The “thumping” that George W. Bush just admitted the Republicans received isn’t stopping him from continuing to lie to the American people.
I’m watching his press conference as I write. Here’s one of the first pieces of disingenuousness I’ve heard: Bush boldly declared to our enemies, “Do not confuse the workings of our democracy with a lack of will.” This is exactly what Bush has been confusing as he has stumped for Republicans on the campaign trail. The whole a-vote-for-the-Democrats-is-a-vote-for-the-terrorists thing was the cornerstone of the Republican effort. After repeating such garbage ad nauseum for weeks he is now asking our enemies to forget all that.
Next lie. Bush just admitted to lying to the press when they asked him last week whether Rumsfeld would stay on in the administration and he told them yes. The reason he lied? He didn’t want to inject the issue into the late stages of the campaign. In other words — but with zero change in meaning — Bush lied to the public to help his party’s political fortunes.
A few minutes later, Bush adjusts the above lie by claiming he hadn’t yet made the decision about Rumsfeld when he was asked last week.
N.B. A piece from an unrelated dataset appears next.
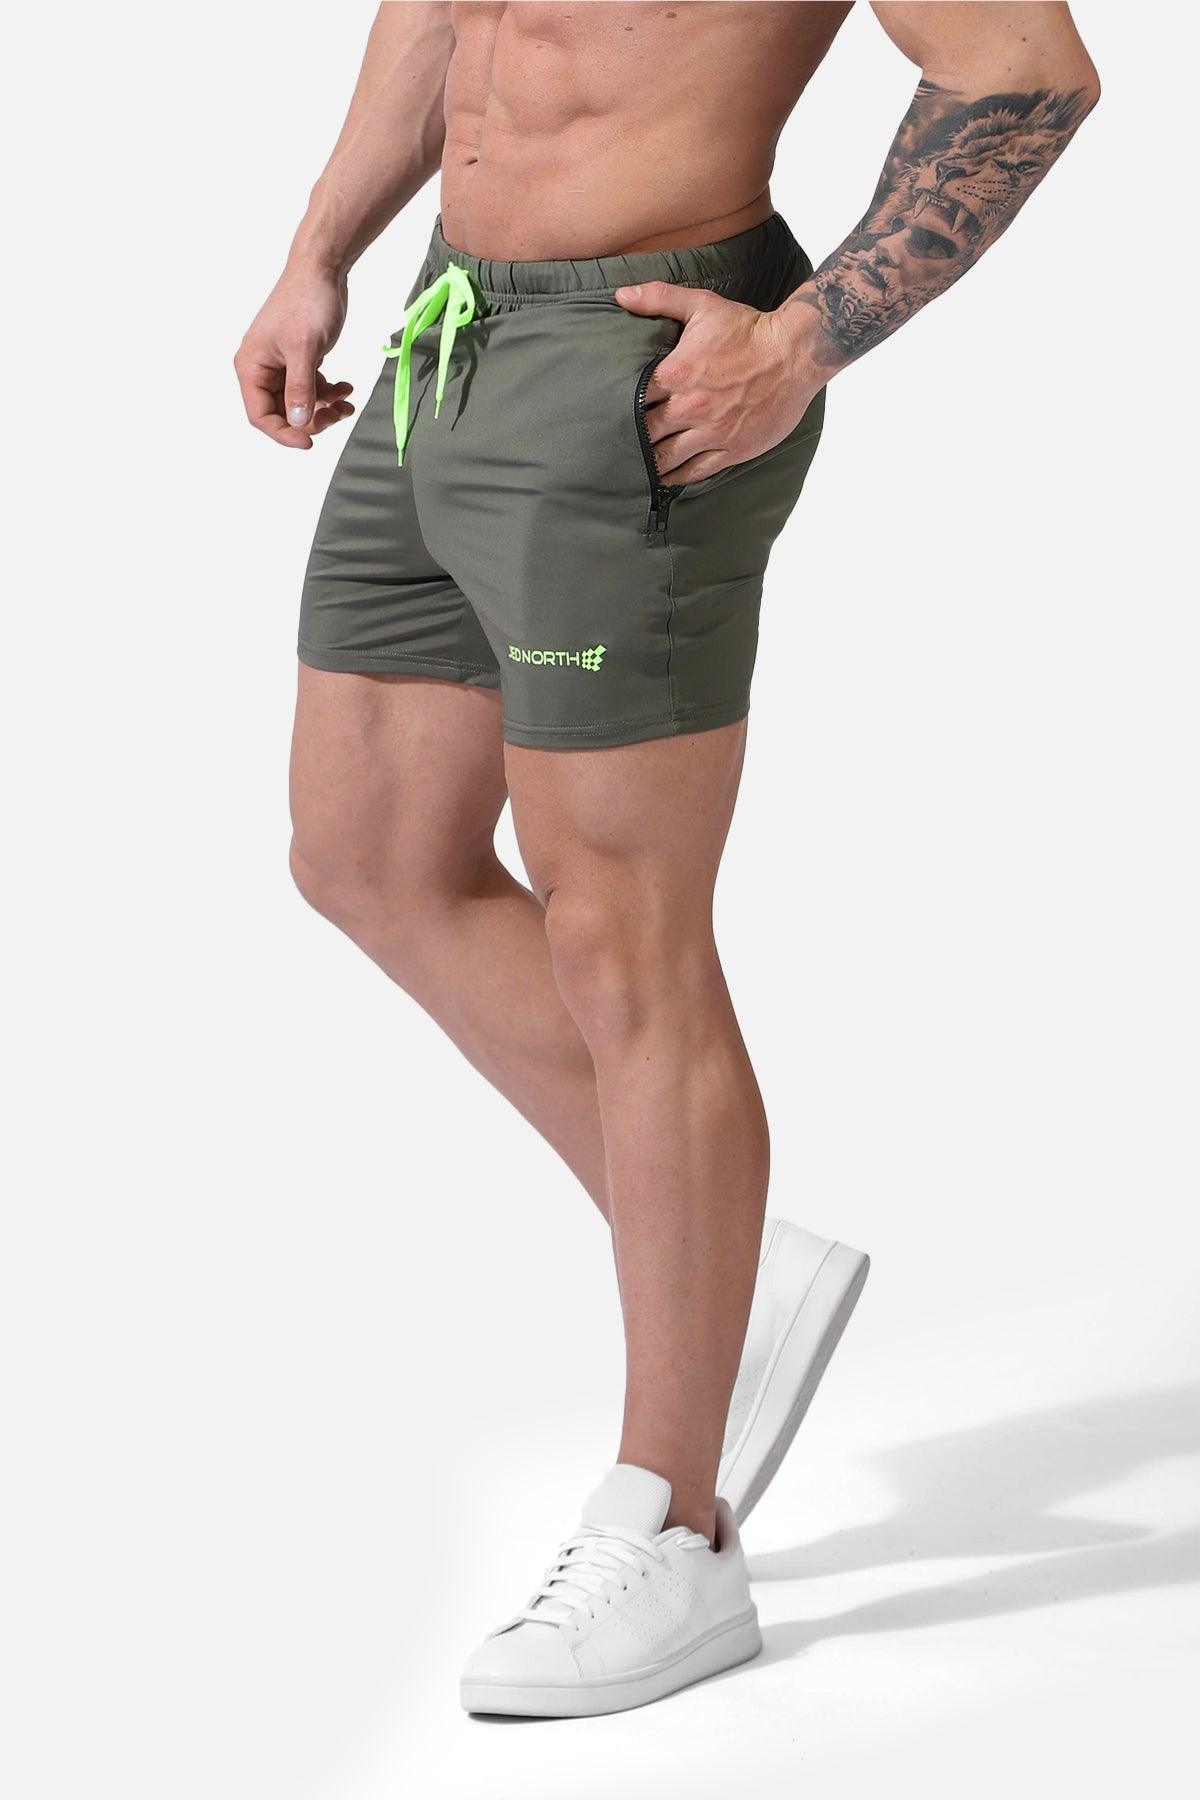 Agile Bodybuilding 4'' Shorts w Zipper Pockets - Olive - Jed North

Does anyone really think that the planning for Rumsfeld’s removal hadn’t been largely completed as of a single week ago? After all, the administration already has a replacement. Presumably, the process of choosing such a replacement takes weeks, if not months, given the enormous amount of vetting that would need to happen.
Yet another adjustment. Bush says he hid the truth about Rumsfeld during the campaign because he didn’t want to send the message to the troops that military strategy is determined by politics. So…how, exactly, does Rumsfeld resigning the very next day not send the same message?
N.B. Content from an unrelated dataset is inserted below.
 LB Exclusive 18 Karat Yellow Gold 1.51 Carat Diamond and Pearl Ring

The lying just doesn’t stop.
Next: Bush is asked about the heavy criticism of the faith-based initiatives program. He says it’s important that “the program stays strong.” This assumes that the program is strong in the first place, which of course is the issue in dispute. Bush won’t engage it; he just resorts to the usual pablum about why faith-based initiatives are important, which is true enough but irrelevant to the issue at hand.
On energy independence, Bush is saying bipartisanship is required to create an effective approach. Yet he’s spent the last six years shutting Democrats out of having any input on energy, including refusing to reveal who Dick Cheney met with from the energy industry when he created an energy plan during the first term.
The one positive I heard was a willingness to push again on immigration reform, which may be easier now that Democrats run Congress. That’s a hopeful sign; we’ll see how it pans out.